Riya; diğer insanların görmesi bilmesi amacıyla yapılan her türlü iştir. Riya kalbi bir niyettir. Yani beni görsünler diyerek Allahu Zülcelal'in rızasını bırakıp kalben niyet etmek riyadır. Bu durum çok tehlikelidir. Nitekim Hz. Peygamber (a.s.v) bir Hadis-i şerifte şöyle buyurmuştur;

'Sizin müptela olmanızdan korktuğum şeylerin en korkuncu küçük şirktir.' Sahabeler; 'Ey Allah'ın Resulü! Küçük şirk nedir?' diye sordular. Hz. Peygamber (a.s.v) buyurdu ki;
'Küçük şirk riyadır. Allah kıyamet gününde kullarına yaptıkları amellerine göre mükafat verirken, riyakarlara şöyle seslenecektir; Dünya da riyakarlık yaptığınız kimselere gidin, bakın. Onların yanında mükafat bulabilecek misiniz?'

İnsan amelini, emeğini boşa çıkarmamak için ilk önce amelden önce niyetini Allah için yapması lazımdır. Allahu Zülcelal insana bir şey vermedikten sonra, gösteriş yaptığı insanlar ona hiçbir şey veremez. Onun için herhangi bir iş yaparken ilk önce Allah'ın rızasını düşünüp daha sonra o işi yapmak lazımdır.
Hz. Peygamber (a.s.v) başka bir Hadis-i şerifte şöyle buyurmuştur;
'Kıyamet günü riyakar adama, 'Ey Facir, ey gaddar, ey gösterişci, amelin mahvoldu, mükafatın kayboldu! Amelini kime gösteriş için yaptıysan, git ondan mükafatını al!' denir.' (İbn Ebi'd-dünya)

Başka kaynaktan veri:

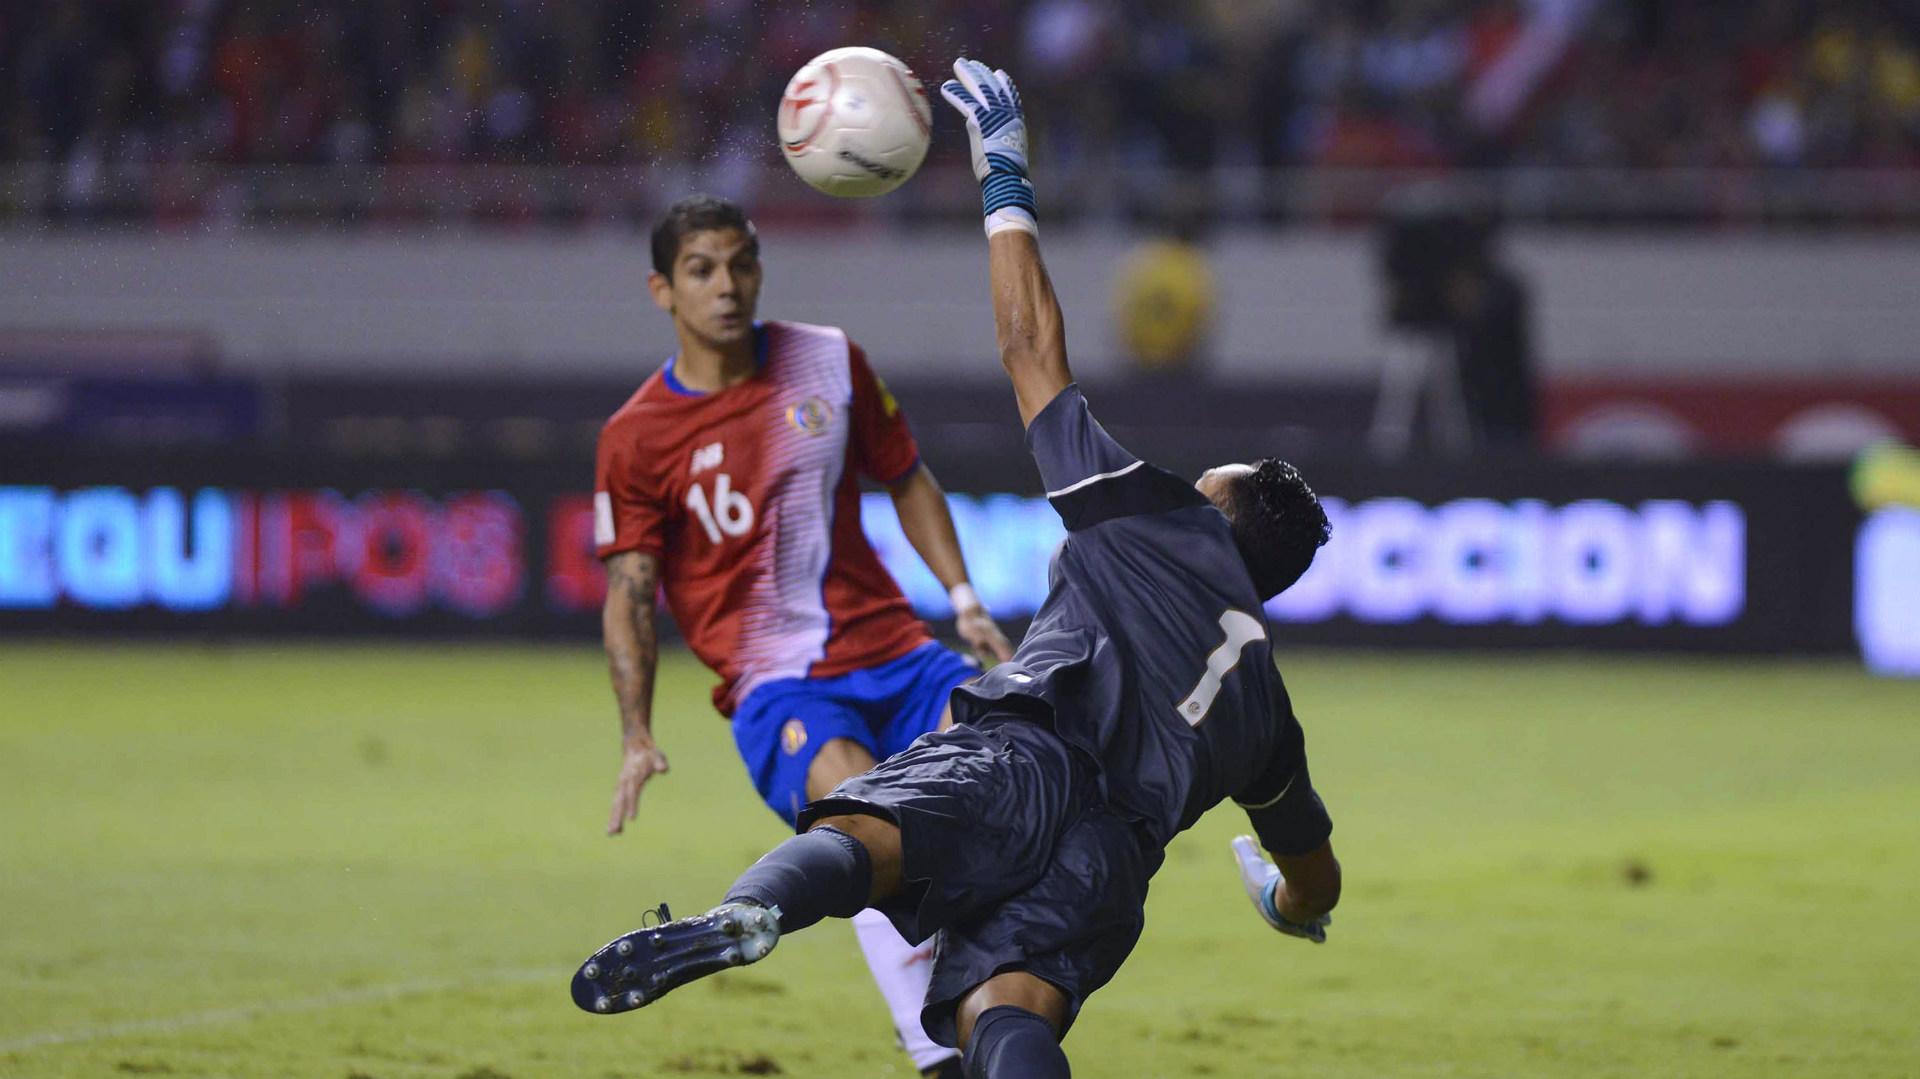 Mexico vs Costa Rica Keylor Navas Guillermo Ochoa steal show in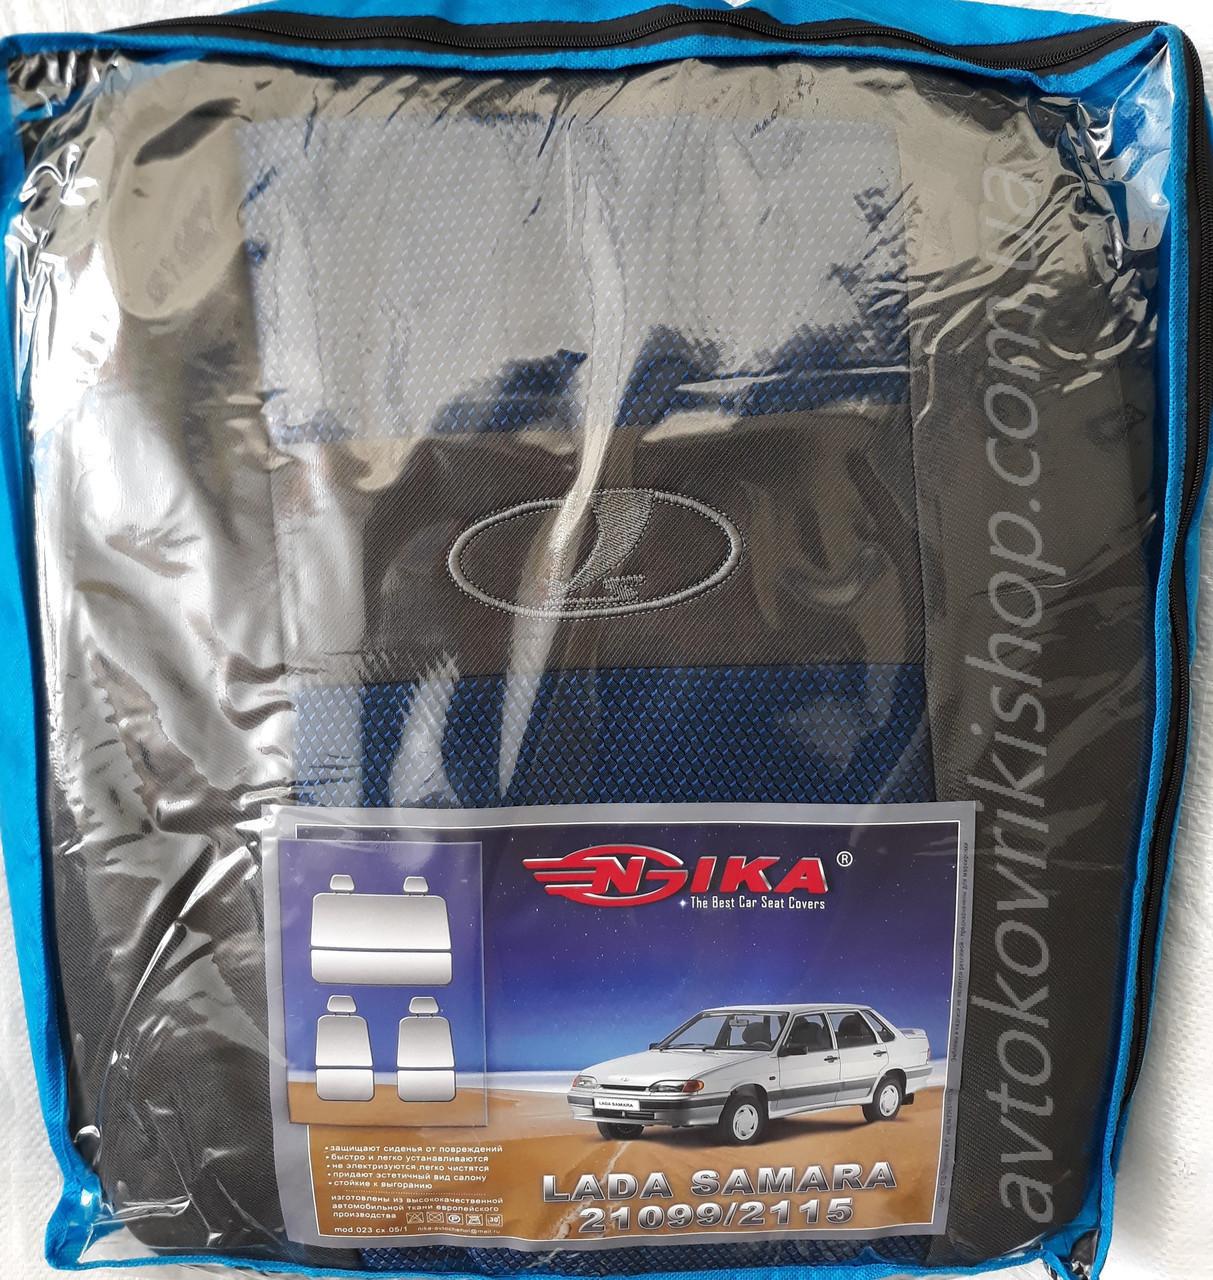 Авто чохли Lada Samara 21099 / 2115 MAX (синій) Nika

Fudayl bin İyad (rh.a) şöyle demiştir. 'İnsan yaptığı amelle riyakarlık yapmaya alışırsa, yapmadığı amelle de riyakarlık yapar.' Böyle bir kimse kendisine itibar kazandırabilen amelleri yapmadığı halde yaptığını idiia eder veya o vehmi verir. Nitekim Allahu Zülcelal böyle kimseler hakkında şöyle buyurmuştur;
'Yapmadıkları amellerle övülmek isterler. Sen bunların azabtan kurtulacaklarını zannet-me.' (Al-i İmran;188)

Hasan-ı Basri (rh. a) şöyle demiştir;
'Riyakar insan, Allahu Teala'nın takdirini değiştirmeye kalkışır. Çünkü o, Allahu Teala'nın yanında kötü iken, kendisini iyi göstermeye çalışır. Halbuki yapması gereken şey, kötü olduğu halde, kendisini iyi göstermek değil, iyi olmasını gerçekleştirmektir.'

Katade şöyle demiştir;
'Kul riyakarlık yaptığı zaman, Allahu Teala meleklere; 'Bakın, bu kulum beni hafife alıyor.' der. Çünkü bu kul insanları memnun etmeyi, Allahu Teala'yı memnun etmekten üstün tutuyor. Bu da dolaylı olarak insanları Allahu Teala'dan üstün tutmak demektir.'

Riyakar insan, riyakarlığını farketmez. Fark etse de inkar eder. İhlas sahibi insan ise, ihlasını yeterli bulmadığı için riyakar olduğunu söyler. Onun için Fudayl bin İyad (rh.a); 'Riyakar bir kimse görmek isteyenler bana baksınlar' demiştir.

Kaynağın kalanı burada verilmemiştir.